Rachel Zegler sings from the balcony
The big number comes directly after the interval. It's become a cause célèbre, but not for appropriate reasons. Unless, of course, the marketing guys planned it that way...  Certainly the column inches spent on Zegler singing from the Palladium balcony to the (horror - unpaying) crowd of adoring fans in the street outside have contributed significantly to the size of that crowd: not so much unpaying audience as unpaid extras whose numbers more than suggest the people of Argentina, gathered to hear Eva Peron's speech at her husband's inauguration. They are, of coure, Zegler's fans; but in this construct, relayed by video to the (paying) theatre audience, they become Evita's fans too, and a complex metatheatrical metaphor is established. It's all the more telling because this is the only moment in the show where Eva is dressed in the expected historical costume, and those of us in the theatre get to see her remove the spangled dress and the blonde wig in the aftermath of the big number. That powerful image of Eva Peron orating from the balcony of the Casa Rosada, which later became the image of the starry musical and the hit song, is exposed as a theatrical and electonically mediated construct. And still we clap, and still we cheer.

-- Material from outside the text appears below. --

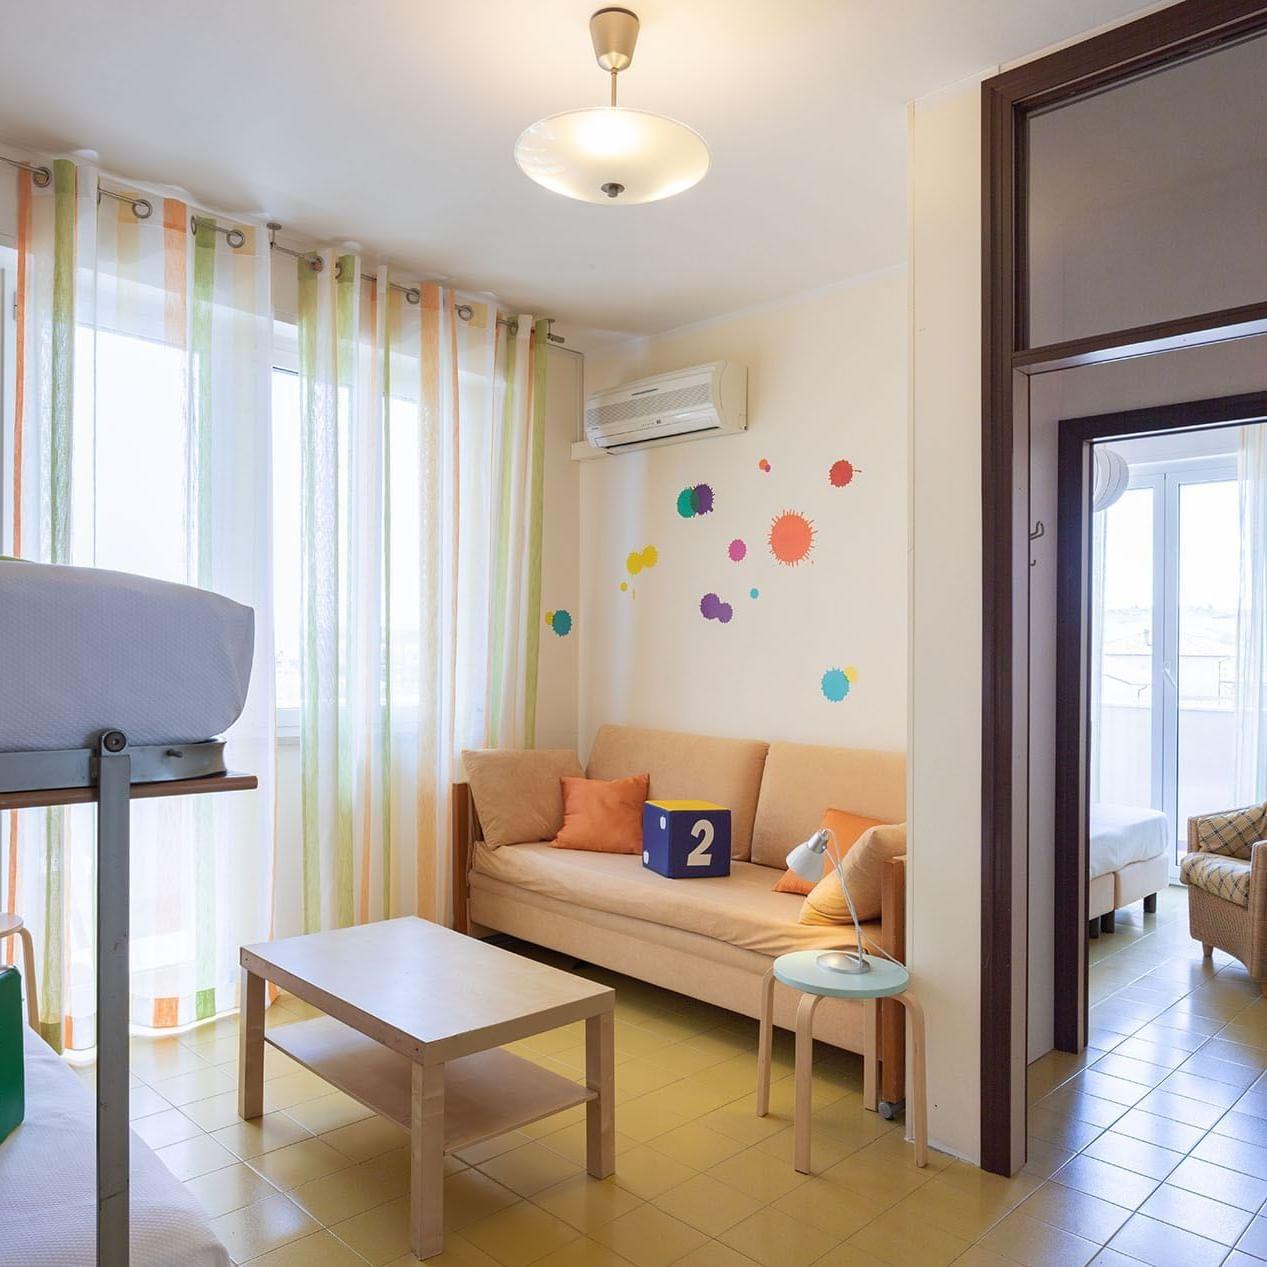 Conchiglia Family Room

Back in the 70s, there were two stars in the Prince production. Elaine Paige was Evita, and David Essex played opposite her as Che Guevara (they never met in real life, although Che did once write Evita a letter asking her to buy him a jeep). In those days, Che did present a form of left-wing stardom, his poster image adorning many a student wall. David Essex was perfect casting: not only for the look, but because he exuded an edgy, sexy, working-class anger. Jamie Lloyd offers no such hope: and I'm afraid he's probably right. His Che, as Andrzej Lukowski puts in in his excellent Time Out review, "assumes more of a Jiminy Cricket role": you would never know this young man with a nice voice was anything more than a slightly grumpy older brother. There is no hint of activism, never mind revolution. Charisma left the left a long time ago, and theory (of which Guevara was very aware) now insists on the collective rather than the star. Celebrity is entirely the tool of the right, and politics has become its playground. Rags to riches stories, amazing singers emerging from obscurity, these are the tools of the individualistic neoliberal narrative. 

We paid a lot to go and see a rising mega-star. The production powerfully and intelligently questioned that action. And pocketed our cash.